(BRIEF)
Every line containing "White" should be identified and copied from the data below.

EXCERPTED DATA Block Start

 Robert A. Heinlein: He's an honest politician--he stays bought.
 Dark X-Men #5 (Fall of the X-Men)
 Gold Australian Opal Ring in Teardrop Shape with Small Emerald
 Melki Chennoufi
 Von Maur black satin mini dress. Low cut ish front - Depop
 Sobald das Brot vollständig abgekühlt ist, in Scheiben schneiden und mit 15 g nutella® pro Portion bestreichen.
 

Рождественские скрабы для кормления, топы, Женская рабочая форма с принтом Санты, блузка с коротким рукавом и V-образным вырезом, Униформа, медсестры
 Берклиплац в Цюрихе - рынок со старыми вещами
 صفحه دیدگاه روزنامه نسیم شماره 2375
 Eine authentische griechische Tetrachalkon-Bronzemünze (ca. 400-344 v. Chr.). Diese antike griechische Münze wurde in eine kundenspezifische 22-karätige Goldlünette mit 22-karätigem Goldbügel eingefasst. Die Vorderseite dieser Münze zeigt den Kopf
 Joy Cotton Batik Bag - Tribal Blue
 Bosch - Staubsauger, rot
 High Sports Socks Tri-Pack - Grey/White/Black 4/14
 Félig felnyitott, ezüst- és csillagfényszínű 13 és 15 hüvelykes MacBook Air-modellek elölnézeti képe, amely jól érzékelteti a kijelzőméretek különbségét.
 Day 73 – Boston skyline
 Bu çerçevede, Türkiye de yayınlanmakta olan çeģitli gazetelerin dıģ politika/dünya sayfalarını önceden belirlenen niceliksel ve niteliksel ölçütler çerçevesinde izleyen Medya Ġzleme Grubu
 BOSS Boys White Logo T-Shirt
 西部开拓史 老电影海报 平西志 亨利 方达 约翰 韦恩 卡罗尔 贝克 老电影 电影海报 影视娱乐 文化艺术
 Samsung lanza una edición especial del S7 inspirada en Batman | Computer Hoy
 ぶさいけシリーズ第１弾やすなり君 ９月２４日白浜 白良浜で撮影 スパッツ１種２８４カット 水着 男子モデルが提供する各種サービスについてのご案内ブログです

EXCERPTED DATA Block End

(ANSWER TO THE EXERCISE)
 High Sports Socks Tri-Pack - Grey/White/Black 4/14
 BOSS Boys White Logo T-Shirt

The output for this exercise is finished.